Bear Trap Definition - A bear trap occurs when shorts take on a position when an investment is breaking down, only to have it reverse and shoot higher. This counter move produces a trap and often leads to sharp rallies.
With this weeks close back into the consolidation channel and combined with a higher close next week, this latest move could be a classic example of a bear trap. If so, I would expect we see a sharp rally in the coming weeks carrying the potential for the index to break out above the most recent 100-101 swing high.
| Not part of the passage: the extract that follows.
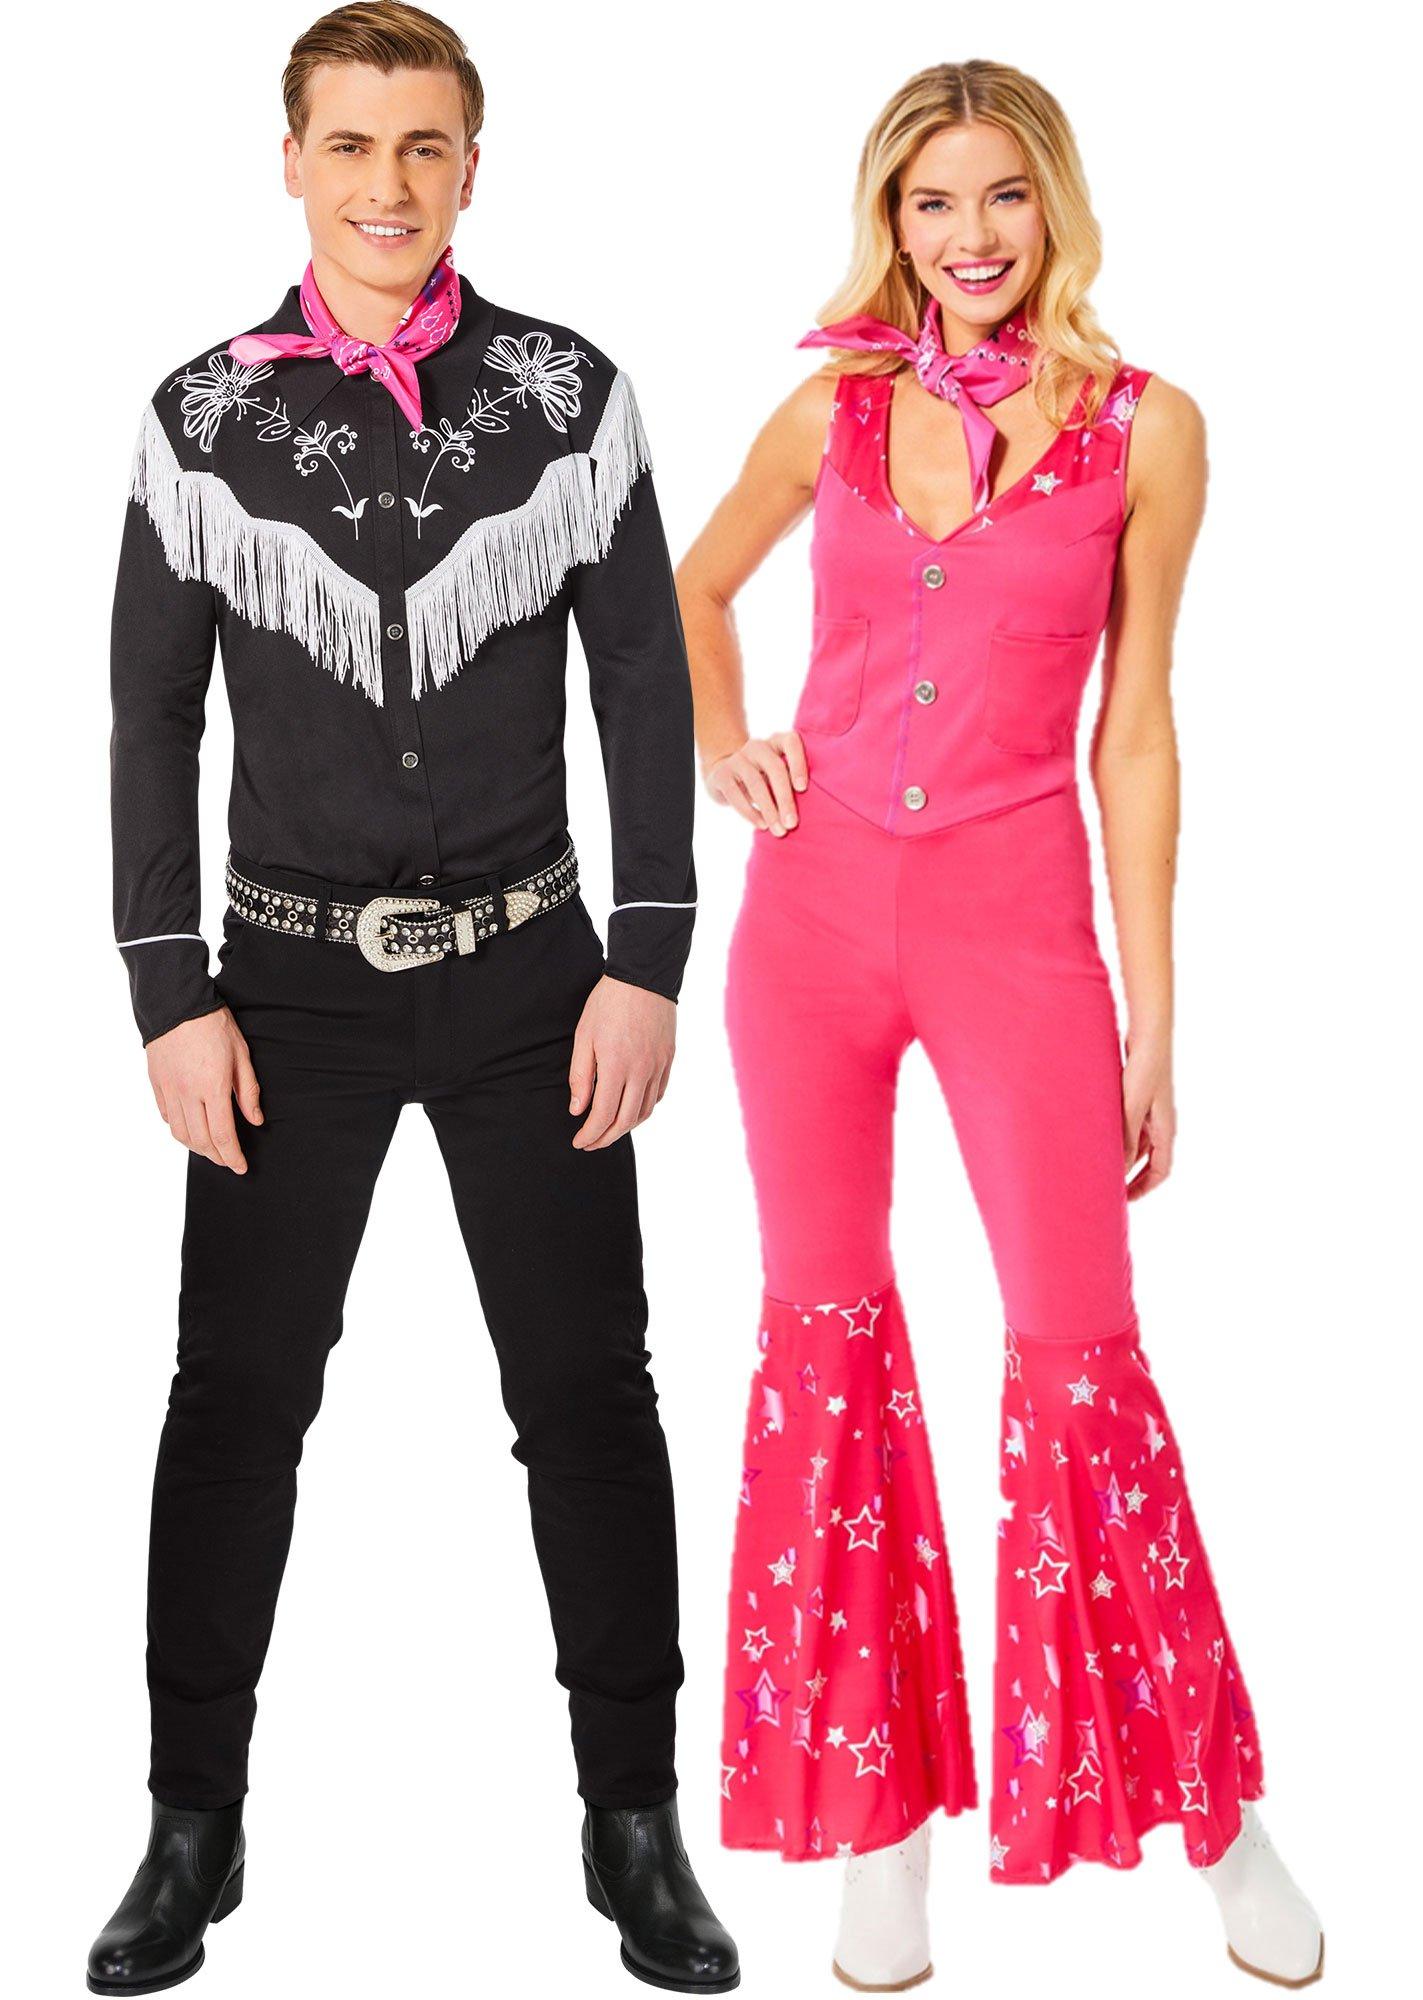 Barbie CowBoy & Cowgirl Costume – Got It For you!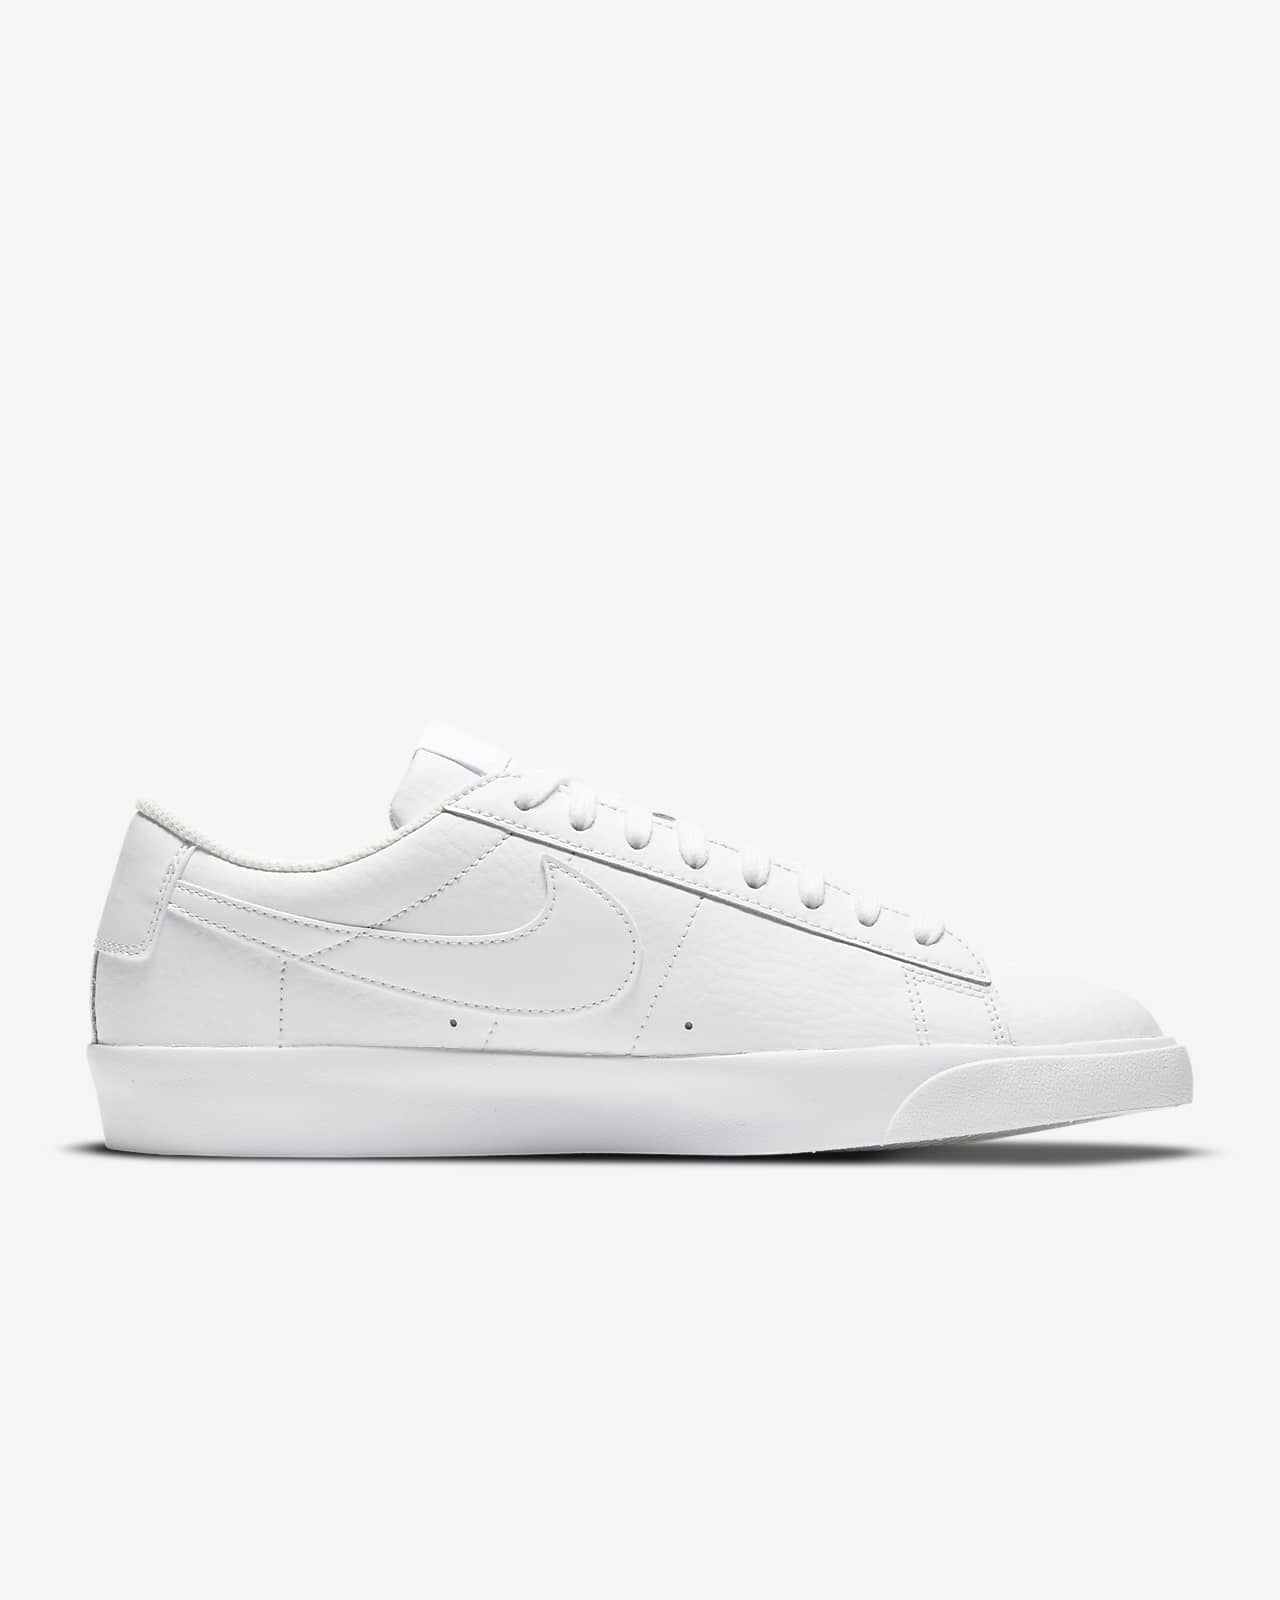 mens white leather nike shoes

Why do Bear Traps produce sharp rallies? - The first wave of buying will occur when the most recent broken support level is exceeded, due to the number of shorter term traders who have their stops slightly above the most recent swing high. The second wave of buying comes into play once the stronger realize that it is not just a dead cat bounce, but that the move has much bigger potential. This will produce the second bounce, which will often precede the short-term top in the counter move.
If all this talk about bear traps sounds vaguely familiar, it should. I wrote about another potential bear trap in the mining stocks back in February. Since that bear trap, the GDX has rallied almost 100%. Now, I am not saying the dollar will rally 100%, as that is all but impossible, but if this does turn out to be a bear trap the implications are enormous. A strong dollar can push bond prices higher (yields lower), make the recent rally in commodities, precious metals, emerging markets and large cap US stocks (with large foreign sales) a thing of the past as these typically move inversely to the dollar. Sure, money can be made by being long the dollar but it will pale in comparison to those who short those falling inversely correlated investments.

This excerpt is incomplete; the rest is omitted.